1 in 2 older Americans use prescription drugs and over-the-counter products together. 4% of them are at-risk of adverse drug interaction.
The potential for adverse reactions is substantial; nearly 30% of older adults take at least 5 Rx medications on a regular basis. Older people are the biggest consumers of prescription meds and thus are more at-risk for adverse events in combining these drugs with other drugs, and with OTCs and supplements.
These warnings come out of a study that will be published in the 24/31 December issue of JAMA. The researchers analyzed drug/OTC use among adults 57 years of age and older between June 2005 and March 2006.
The use of Rxs among older Americans has increased in recent years, due to several factors: the emergence of available therapies for chronic diseases like diabetes and heart disease; and, access to drugs through the Medicare Part D programs and patient assistance programs.
As the growing use of meds has increased, so, too, has adoption of OTCs, vitamins, minerals and supplements. Examples of more common supplement use include red rice yeast as a statin replacement and fish oil targeting cardiovascular health.
Nearly all older Americans age 57 and over regularly use at least 1 prescription drug; 2 in 3 older Americans use Rx drugs and OTCs/supplements concurrently.
Health Populi’s Hot Points: Self-care, and especially consumer adoption of OTC meds, will continue to grow during the recession as people look to project-manage their personal health within tight household budgets.
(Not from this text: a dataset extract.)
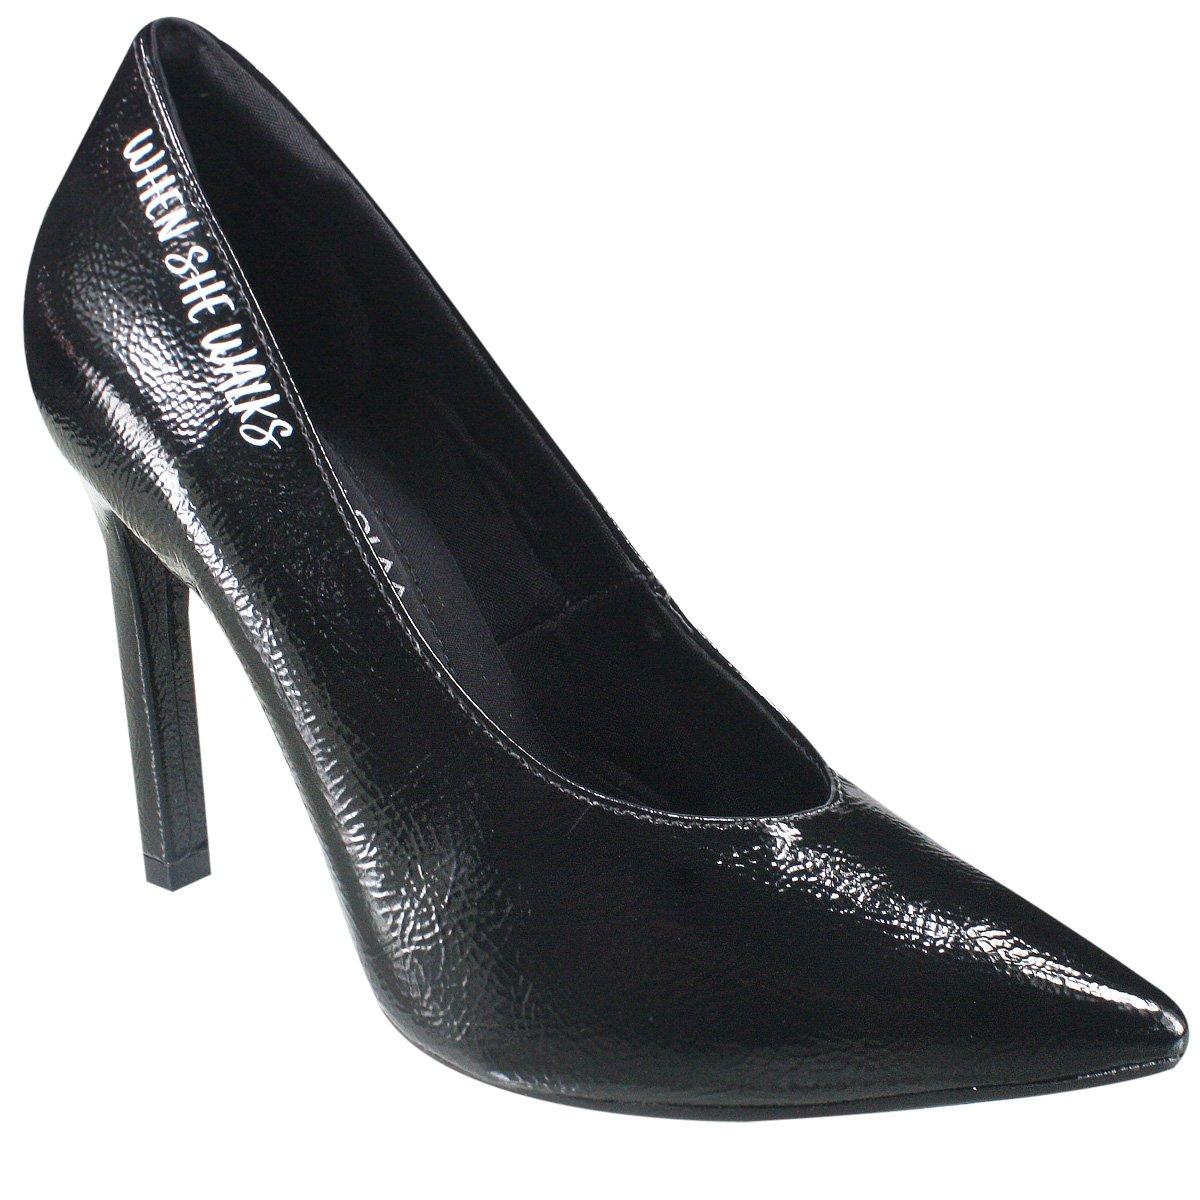 90722359e5 Amplie a imagem. Sapato Scarpin Ramarim Total Comfort  Sapato Scarpin Ramarim  Total Comfort 2  Sapato Scarpin Ramarim ...
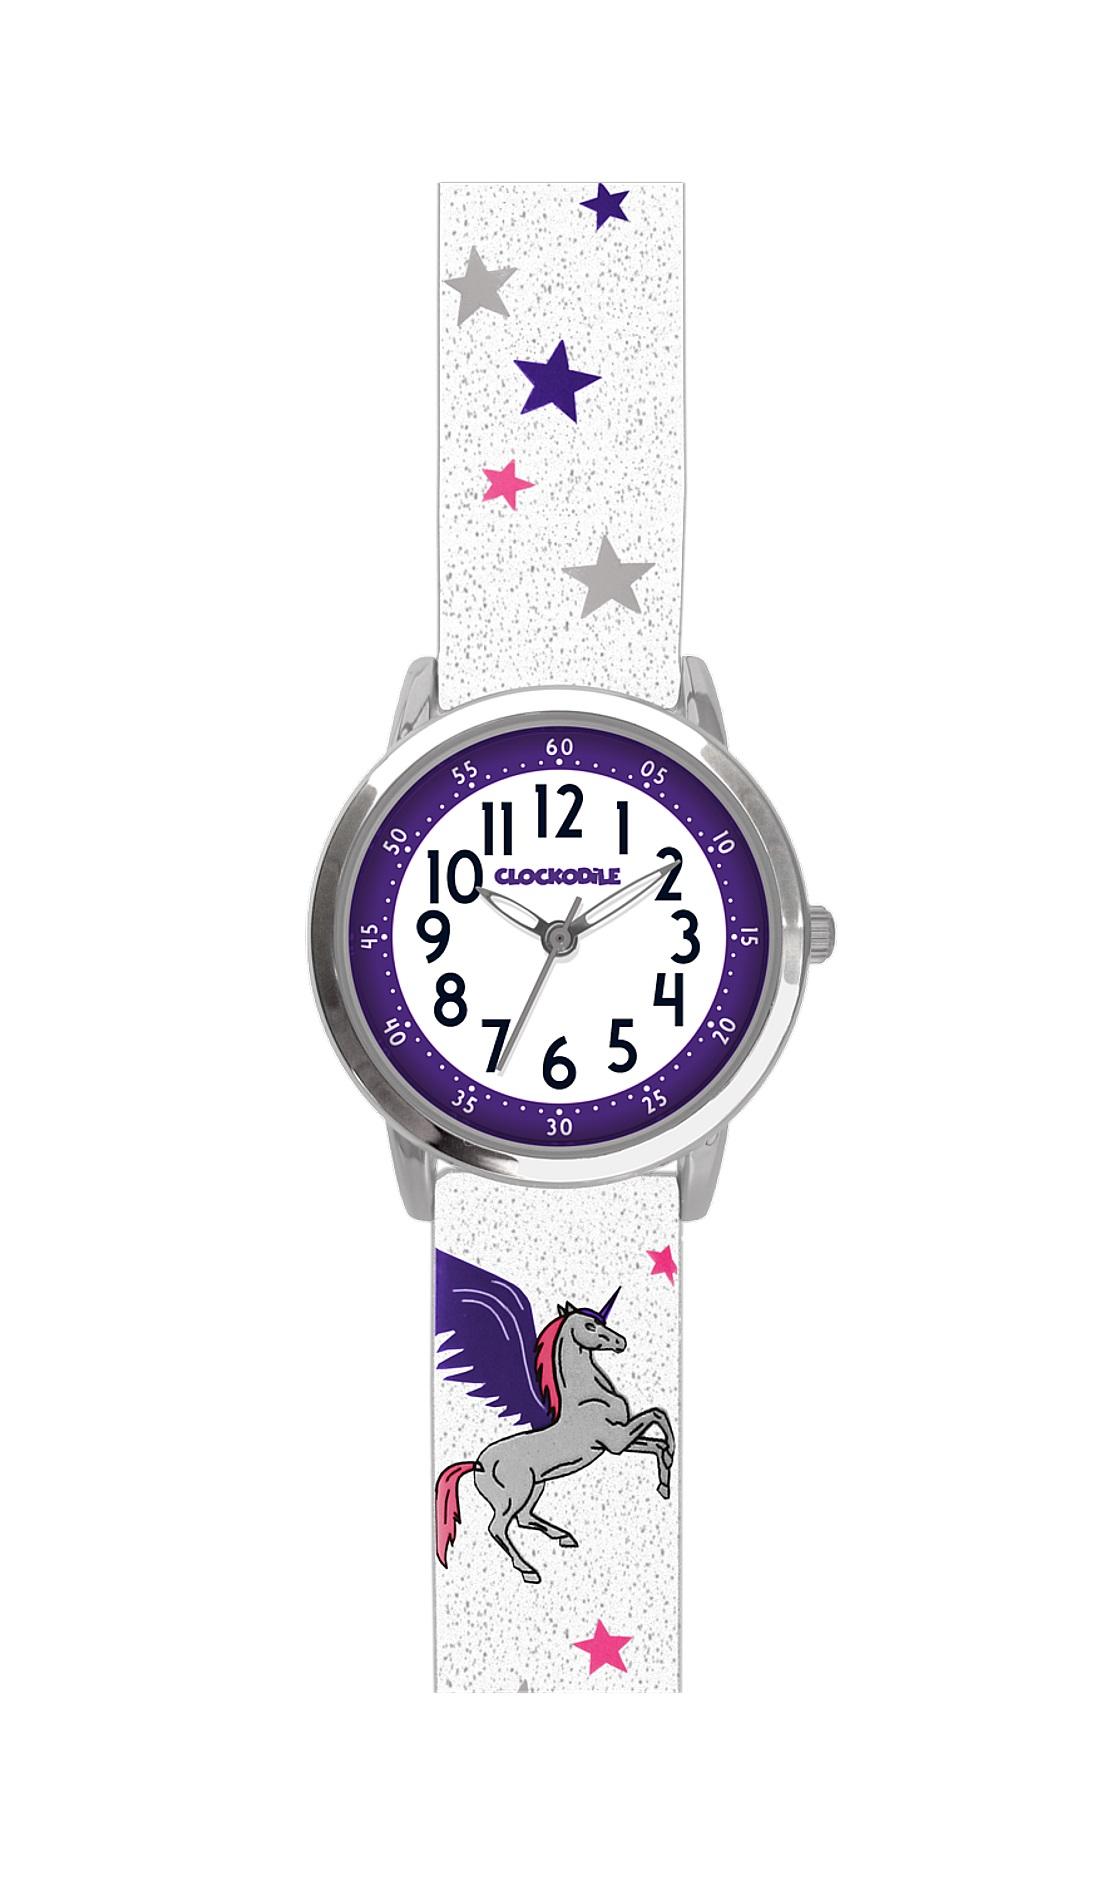 Třpytivé dívčí hodinky se stříbrným jednorožcem CLOCKODILE UNICORNS CWG5032 (CWG5032)

“Despite concerns about drug safety and new federal policies to improve older adults’ access to medications, current information on their concurrent [regular use of at least 2 medications] use of prescription medications, over-the-counter medications, and dietary supplements is limited,” the researchers contend.
Overall, drug reactions send 700,000 people to the ER annually — a rate of 2.4 per 1000 — according to a study published in the Journal of the American Medical Association in 2006. The chart shown above comes from that study.
As the above chart clearly illustrates, there is a direct relationship between age and adverse drugs events. Individuals aged 65 years or older were more than twice as likely to be treated in emergency for an adverse drug event — and nearly 7x as likely to require hospitalization as people under 65.
A dynamic duo of clinicians at Tufts, Dr. Cung Pham and Dr. Robert Dickman, have offered some sage advice on how to prevent adverse drug events among older people:
- Avoid misuse of medications by consulting with the Beers Criteria, a list of drugs that IDs medications as potentially inappropriate for older people, and older people with particular conditions;
- Avoid overuse of medications by carefully reviewing drug-drug interactions and dosing; and,
- Avoid underuse of medication, and ensuring adherence to prescribed instructions.
A patient’s self-packed “brown bag” of medications shared with a clinician who makes a complete list of them — whether in an EMR or on a piece of paper to be kept in the patient’s chart as well as by the patient and a caregiver/advocate — is a very useful tool.